The Sound In Our Veins
“How would someone young get turned on to jazz, an art form with its most innovative days behind it?”
A Celebration of African-American Music Appreciation Month at The FADER is presented by MetroPCS.
“Squeeze it!!” The man at my left in the sold-out crowd of David Geffen Hall (capacity: 2,738) just attempted the impossible: diverting attention away from legendary jazz trumpeter Miles Davis. The 64-year-old icon has always been known for the beautiful silences between his economic phrases, for the notes he doesn’t play, and the audience is all in the middle of one of those sublime pauses as the band plays on. The scene is the Newport Jazz Festival, June 21, 1987. I’m 16, shrinking in my seat imagining thousands of eyes darting in our direction. The man at my left yelling at Miles is, of course, my dad.
In ’87 Miles Davis had been working with Prince—my hero—behind closed doors, and so my ears had been cocked all night long for anything smacking of Madhouse (Prince’s own one-man-band jazz project). Davis’s most recent record Tutu—named for South African activist Desmond Tutu—gets plenty of spins at home. The first album I’d ever spent my own money on at 13 was the Miles Davis live album, My Funny Valentine. I was, naturally, named after him and so his significance to me was cemented. Being a teenager embarrassed by my dad’s (actually pretty cool) outburst might be my major memory of the show. I’d see him again at 20, the year he died.
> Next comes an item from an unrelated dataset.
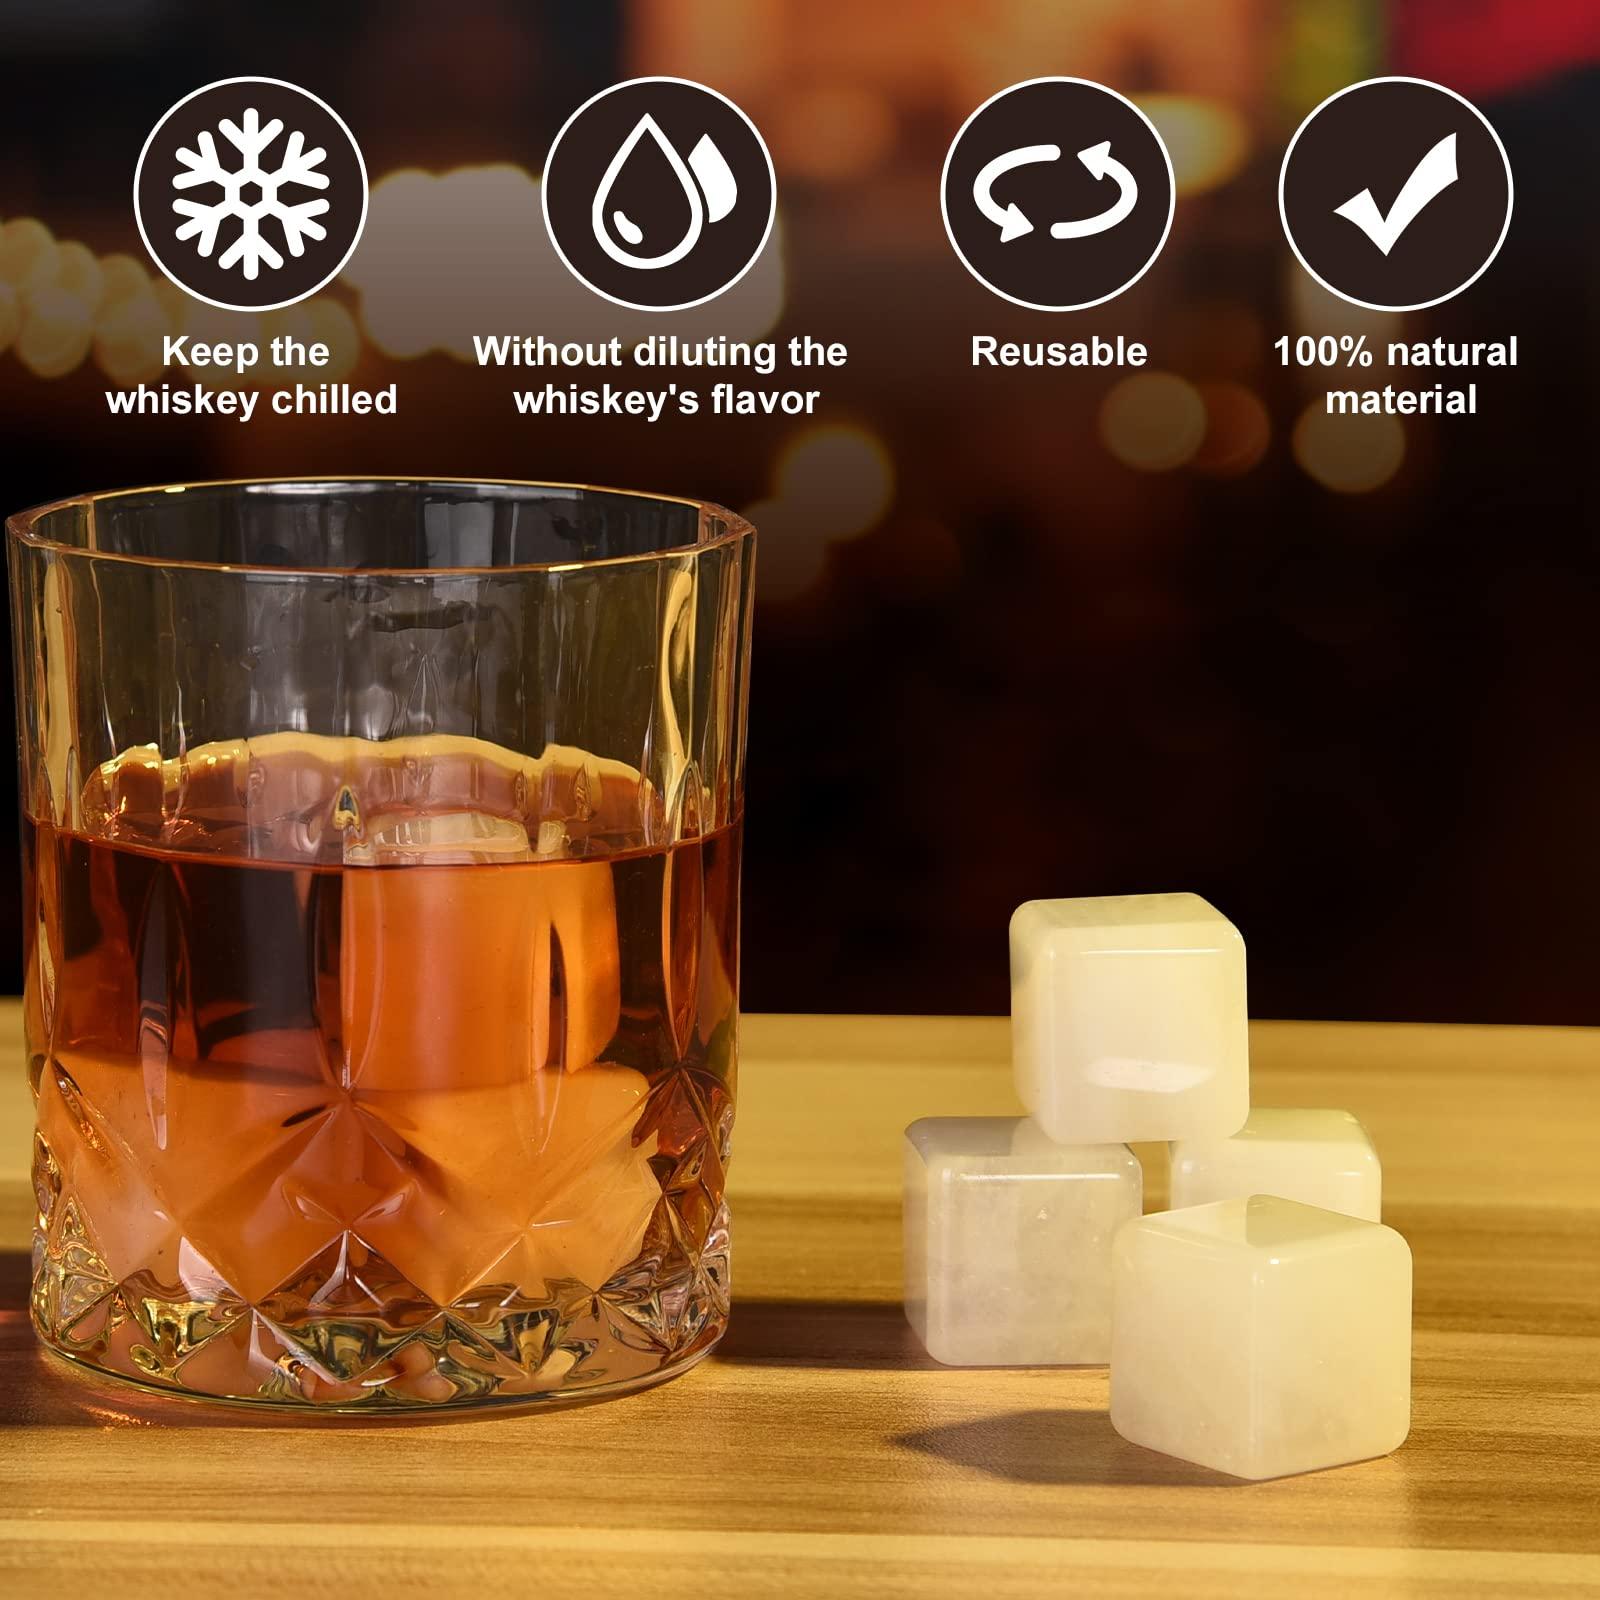 EooCoo 8pcs Marble Whisky Stones Gift Set for Men, Premium Wooden Box with Glasses,Two-Color Design Suitable for Couples/Friends, Easy Storage, for Anniversary Birthday Wedding Housewarming 2

How would someone young get turned on to jazz, an art form with its most innovative days behind it?
My parents played all kinds of diverse music on our living room’s hi-fi stereo system in the 1970s when I was in my single digits, jazz included. Electric-period Miles Davis was in full swing at the time, and so plenty of Bitches Brew, On the Corner, Get Up with It (I loooved its bluesy “Honky Tonk”) and Big Fun shocked our Bronx apartment. Herbie Hancock’s Head Hunters looms large in my memory, funky tracks like “Watermelon Man” and “Chameleon.” Plenty of Quincy Jones. Moms loved Pharoah Sanders’ Karma and “The Creator Has a Master Plan.”
Growing up later as a NYC teenager in a golden age of Hip-Hop, arguably also a golden age of pop, jazz had plenty of competition. My first jazz show wasn’t Miles. A smooth-jazz loving uncle snuck me into a show at the famed Bottom Line jazz club when I was far too young to be there, a 16-year-old watching 16-year-old organist Joey DeFrancesco do his thing. Genuine interest on my part led the family to expose me to stuff like this; none of it felt forced on me. College love connections around the corner seemed more sophisticated with mood music like Thelonious Monk Plays Duke Ellington in the background.
Denzel Washington starred in director Spike Lee’s Mo’ Better Blues in 1990, centered on a conflicted, egocentric jazz trumpeter. Few modern African-American romances exist in Hollywood; me and a whole young black generation were transfixed. A “Mo’ Better Suggested Listening” chapter of Spike’s making-of book featured recommendations by Branford Marsalis, Jeff “Tain” Watts and Terry Blanchard, and I sought out a few. One of my first winter season dance performance shows at Alvin Ailey turned me on to Alice Coltrane’s “Something About John Coltrane,” and Journey in Satchidananda. Seeing tap dancer Savion Glover star in the Broadway musical Black and Blue introduced me to Duke Ellington’s “In a Sentimental Mood.” I soaked up jazz that moved me wherever I could find it.
A Tribe Called Quest mashed jazz with hiphop in the 1990s, making clear that plenty of teens and twentysomethings loved the form at least as much as I did (given that Q-Tip, ATCQ’s producing MC, was my age). Q-Tip loved all my jazz and then some if his samples were any indication: Ramsey Lewis, Lonnie Smith, Donald Byrd, Lee Morgan, Gary Bartz and a slew more. The first three seminal ATCQ albums—People’s Instinctive Travels and the Paths of Rhythm and The Low End Theory in particular—made jazz more attractive to Gen Xers satisfied with the amazing rap of the time.
In 2015 Kendrick Lamar served the Grammy-winning To Pimp a Butterfly filled with jazz fusion flavor from saxophonist Kamasi Washington (36), bassist Thundercat (32) and producers Flying Lotus (33, grand-nephew of the renowned Alice Coltrane) and Terrace Martin (36). At a California studio that year, Kendrick told me, “We listened to Miles and [John] Coltrane. One of the main albums was A Love Supreme going into this record. The producers, they were telling me, ‘Man, you are a jazz musician.’ Without me even knowing the history of it, missing years of actually studying these guys. ‘Your cadence and how you put songs together, you’re doing it.’”
As one of the earliest African-American music forms created in this country, jazz floats through our veins like a truly natural lifeblood, whether we literally grew up on Kind of Blue or not.